Copy the data exactly. Images are to be left out.

Supplied material:
++++++
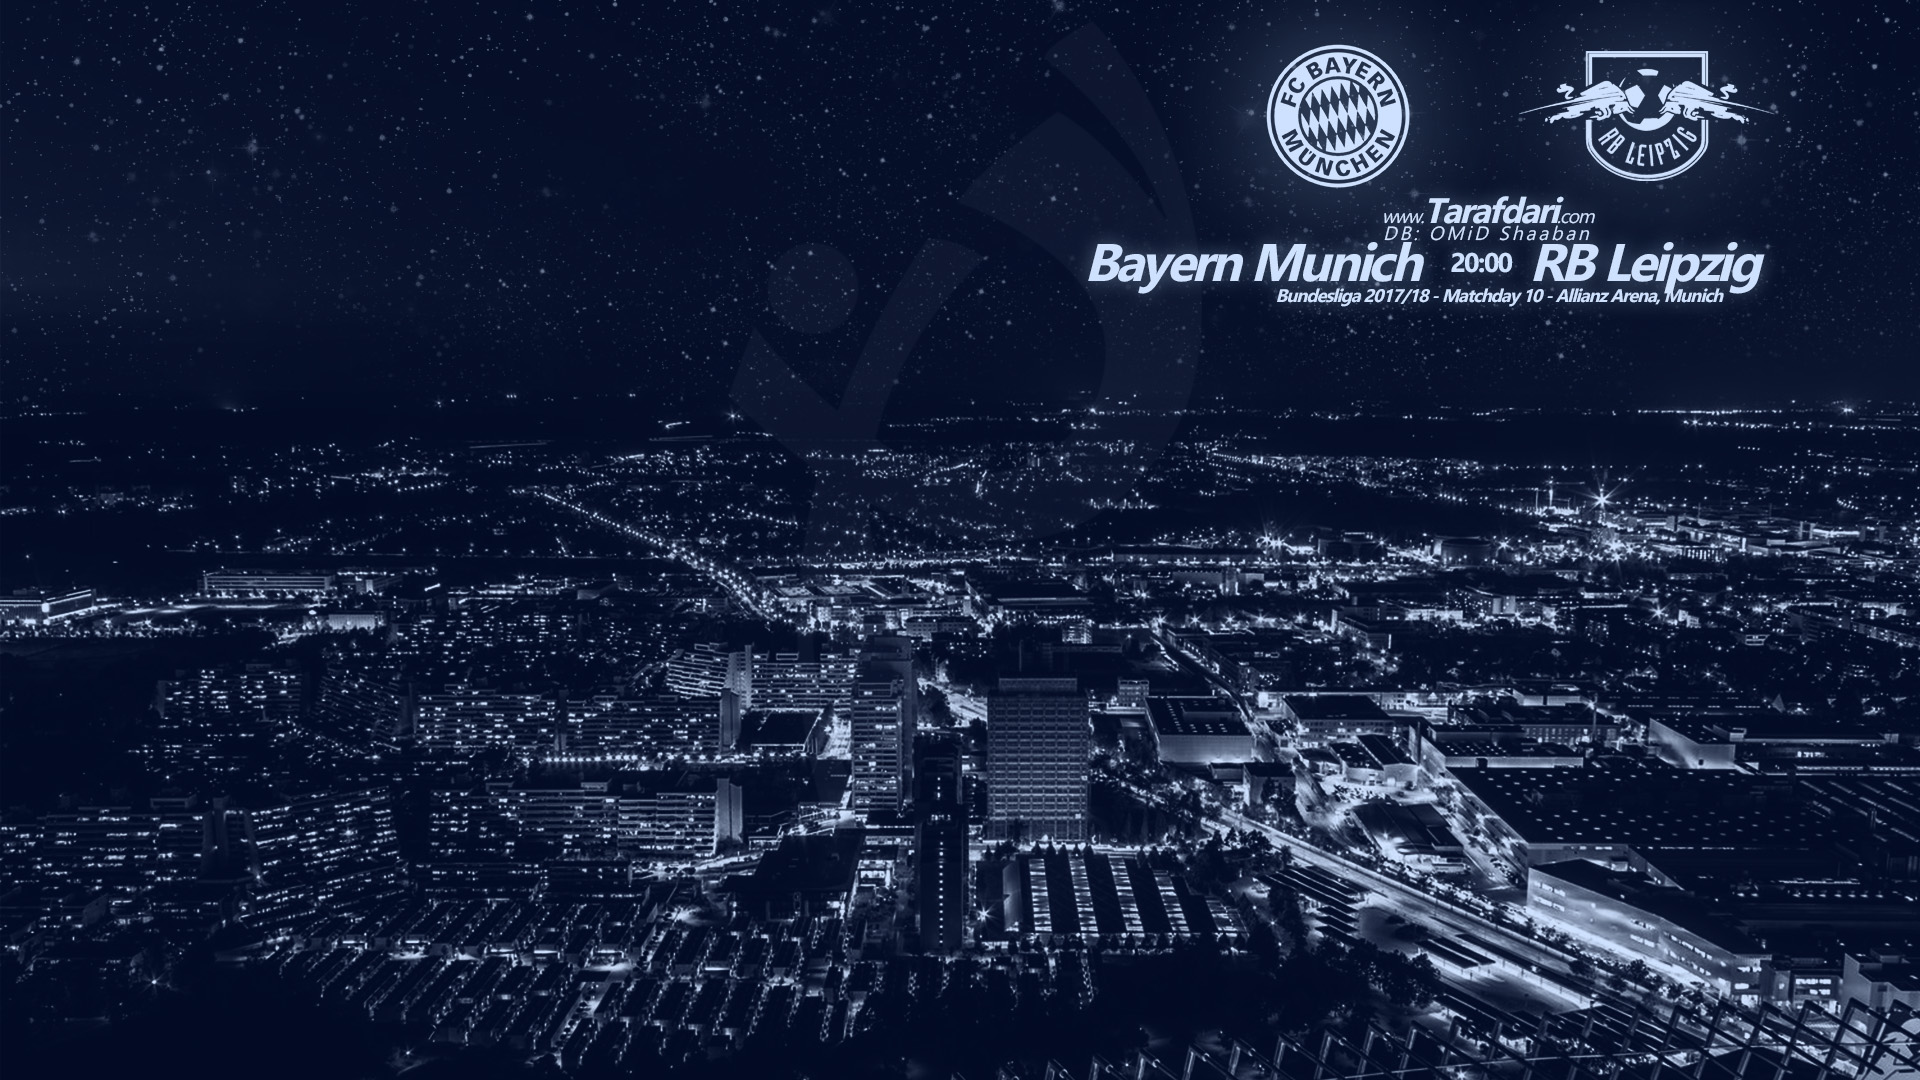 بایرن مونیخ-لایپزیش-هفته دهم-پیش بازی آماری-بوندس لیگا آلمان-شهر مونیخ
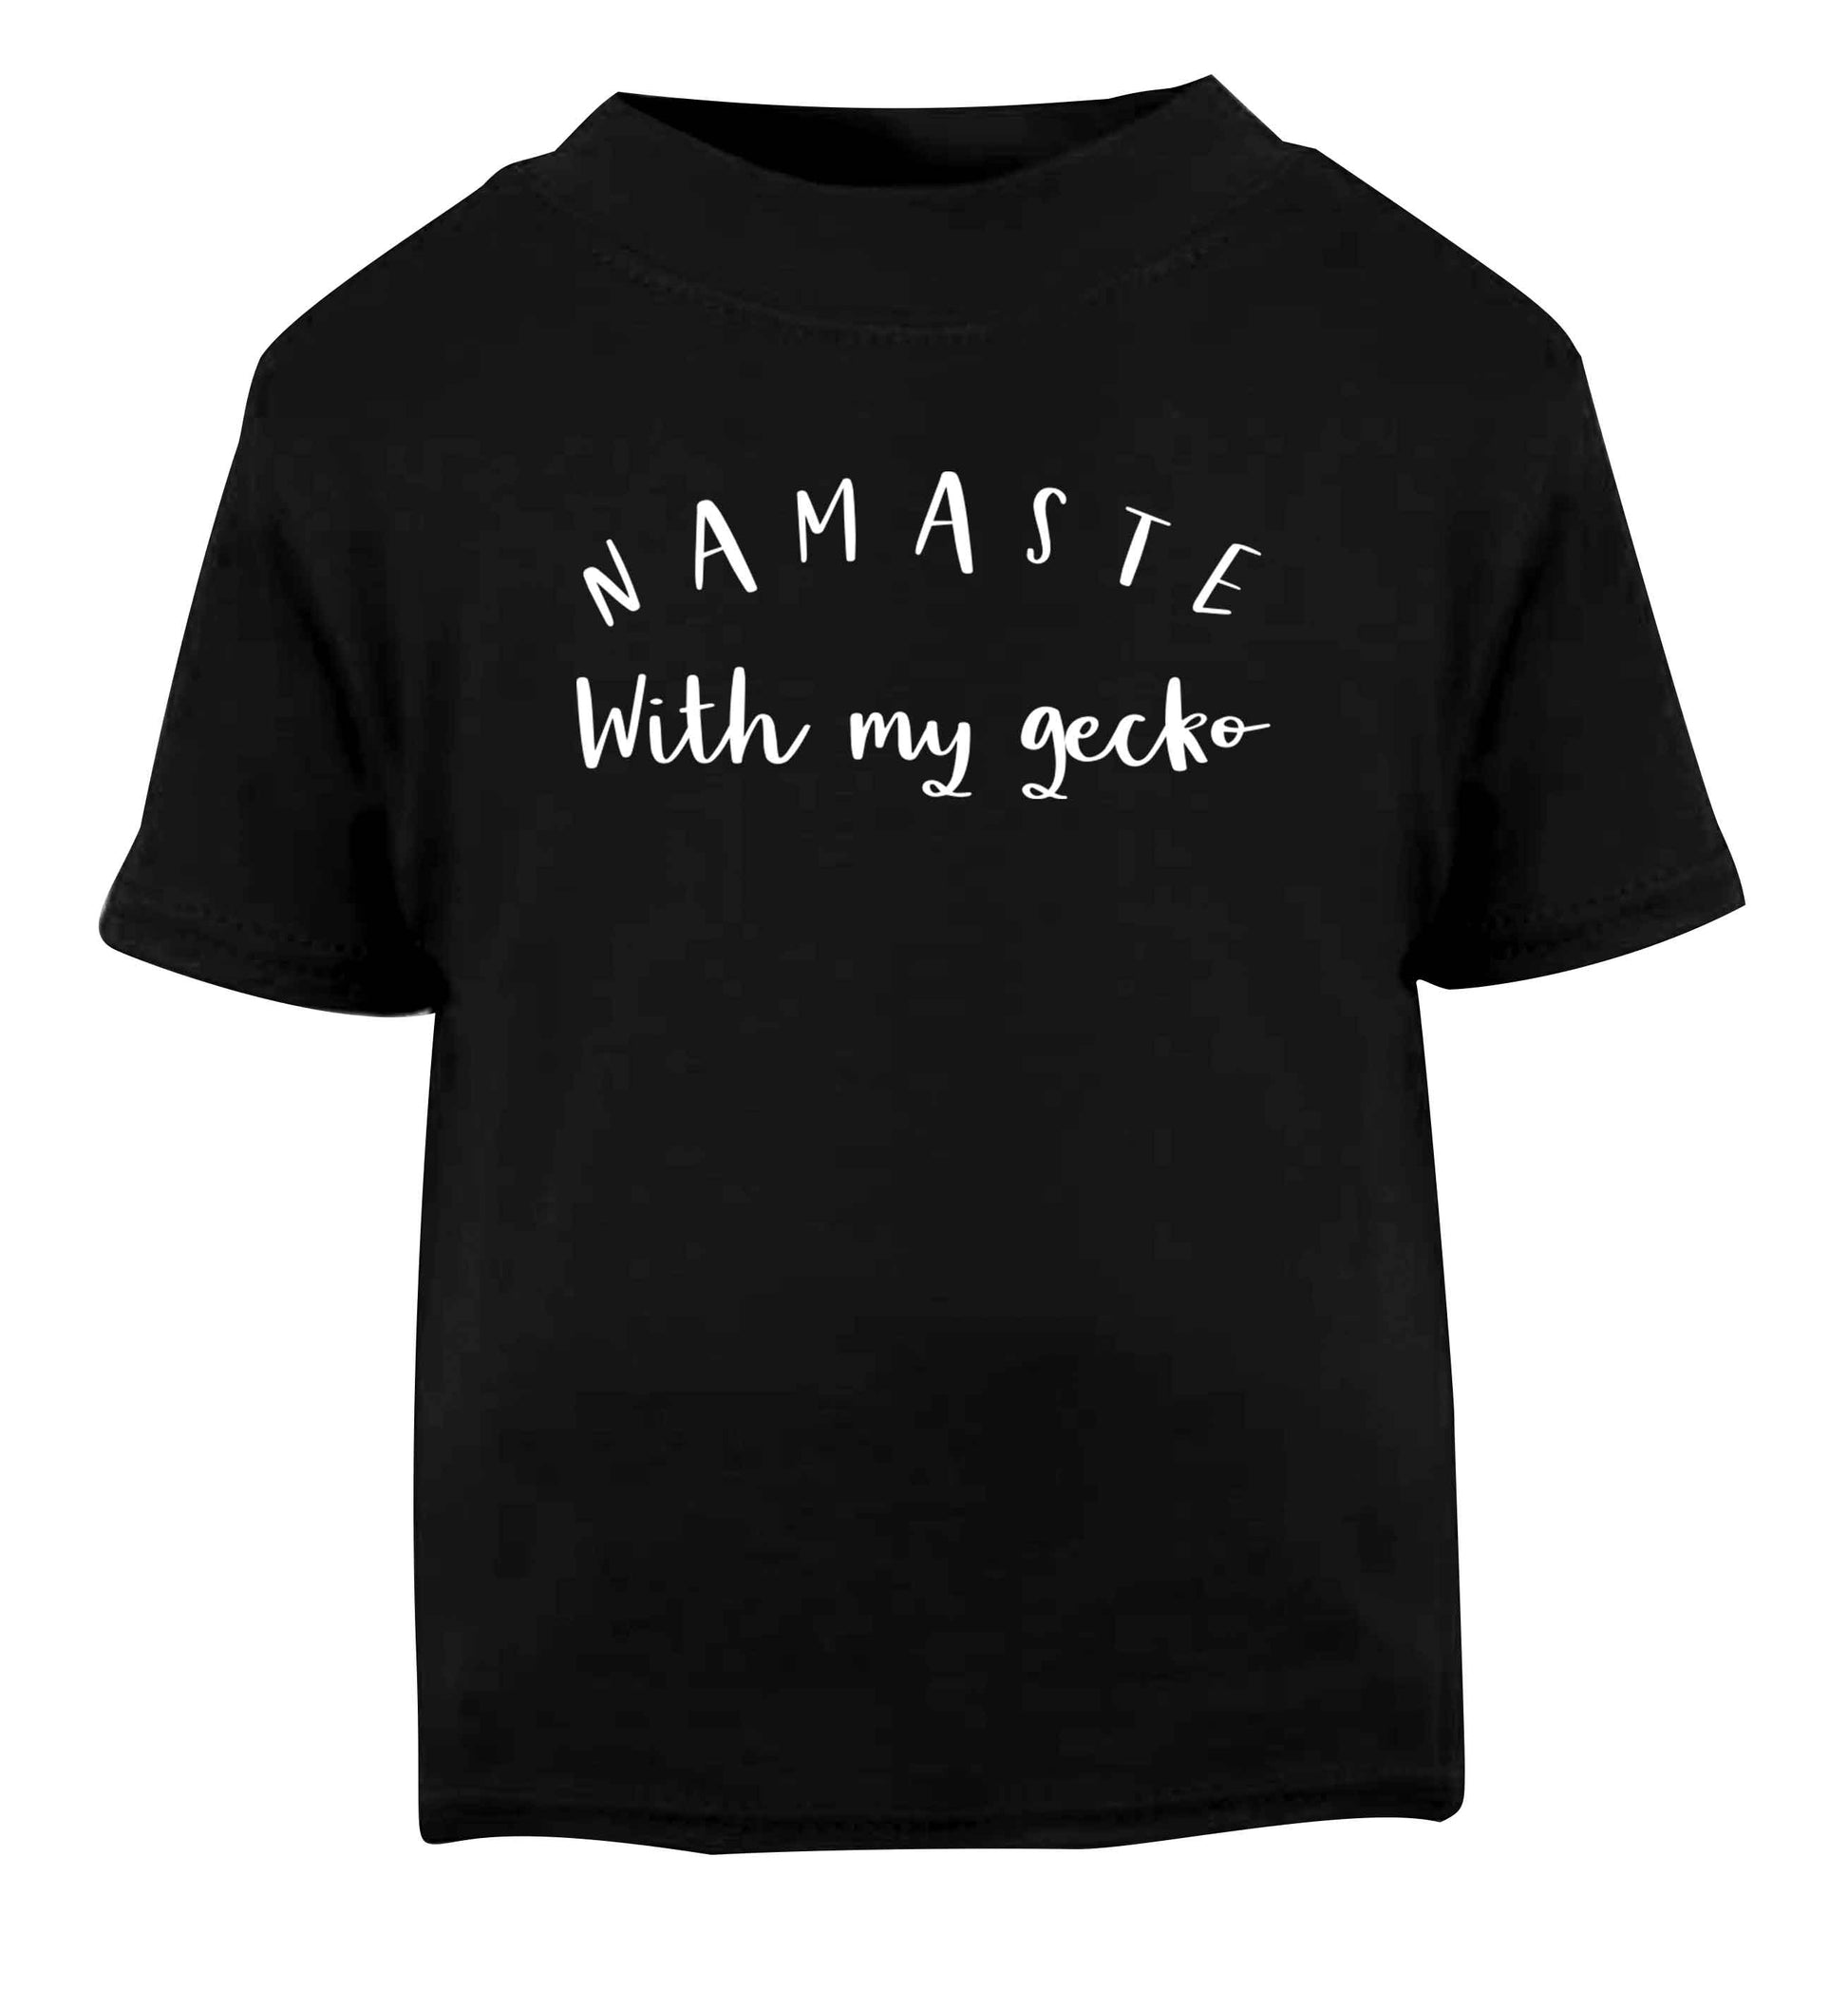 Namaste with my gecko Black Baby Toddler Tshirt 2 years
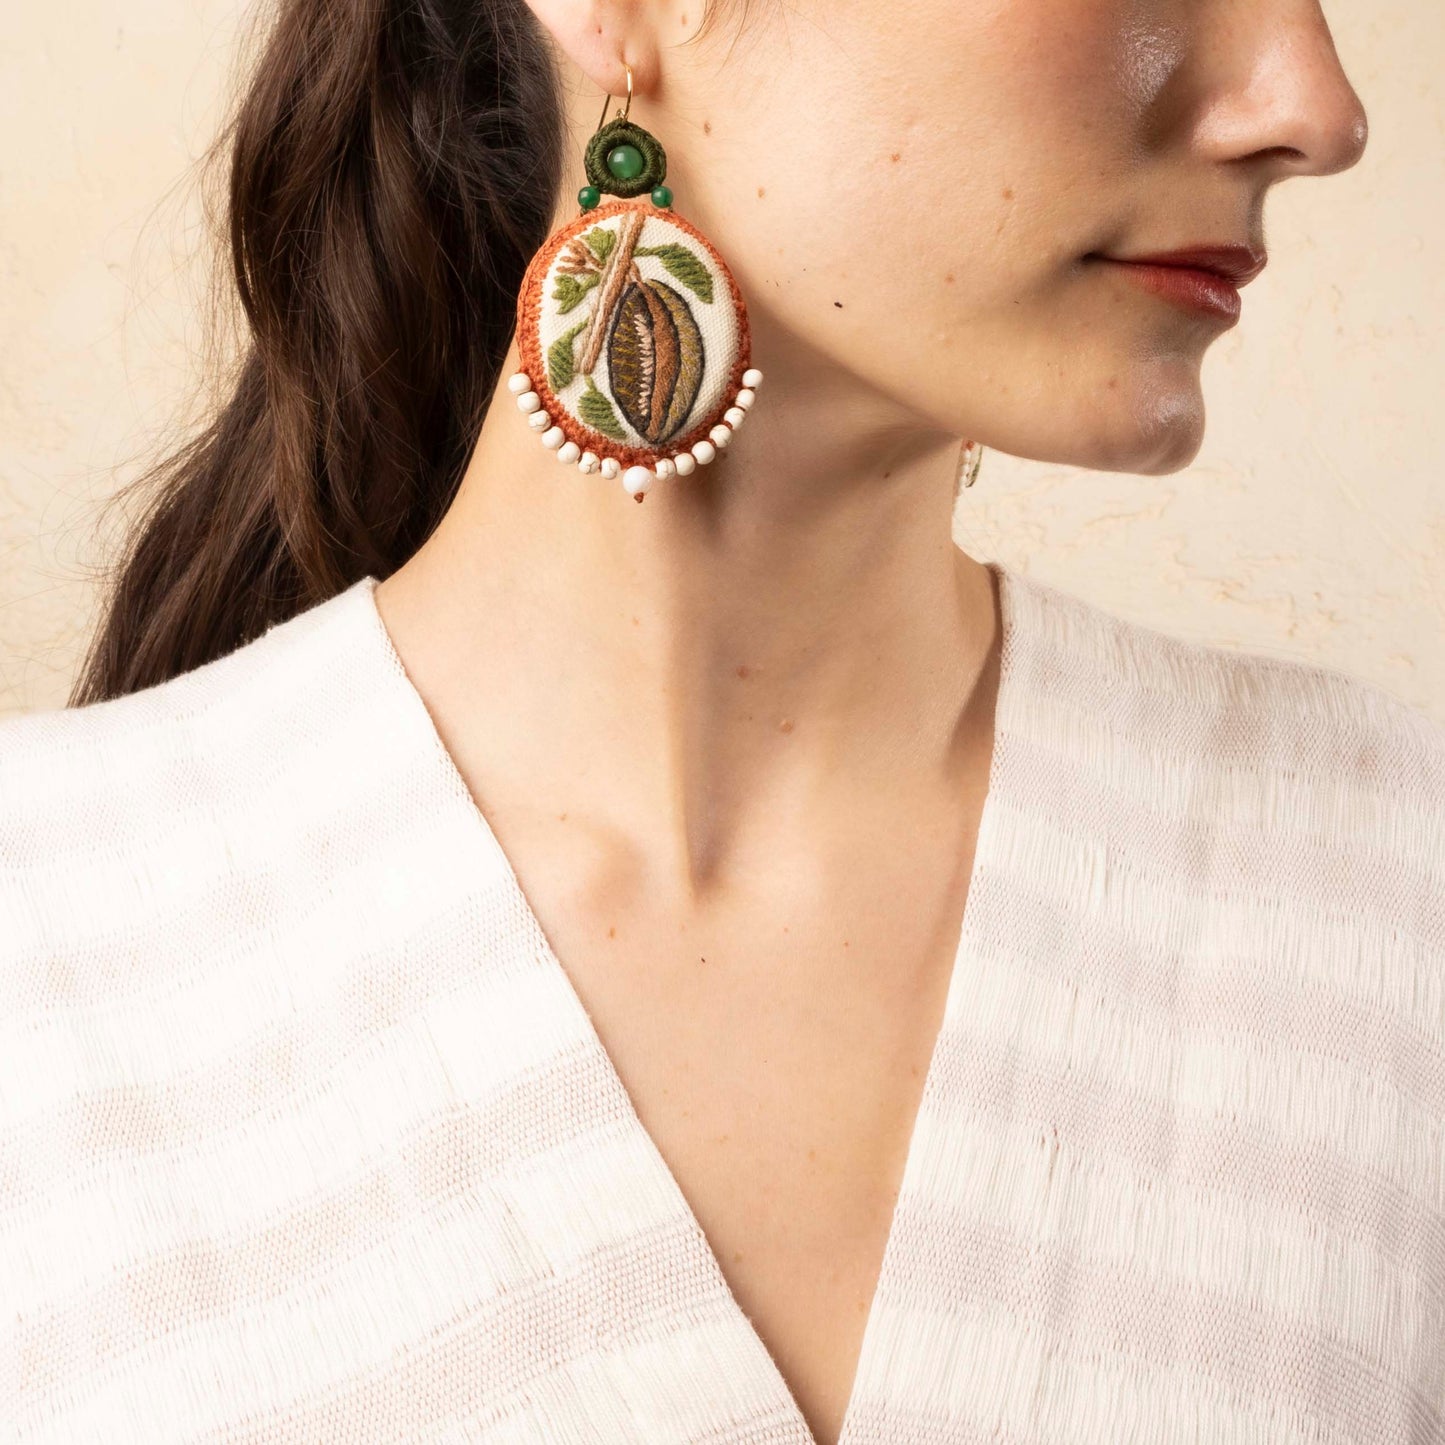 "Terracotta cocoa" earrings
++++++
Task output:
 بایرن مونیخ-لایپزیش-هفته دهم-پیش بازی آماری-بوندس لیگا آلمان-شهر مونیخ
 Namaste with my gecko Black Baby Toddler Tshirt 2 years
 "Terracotta cocoa" earrings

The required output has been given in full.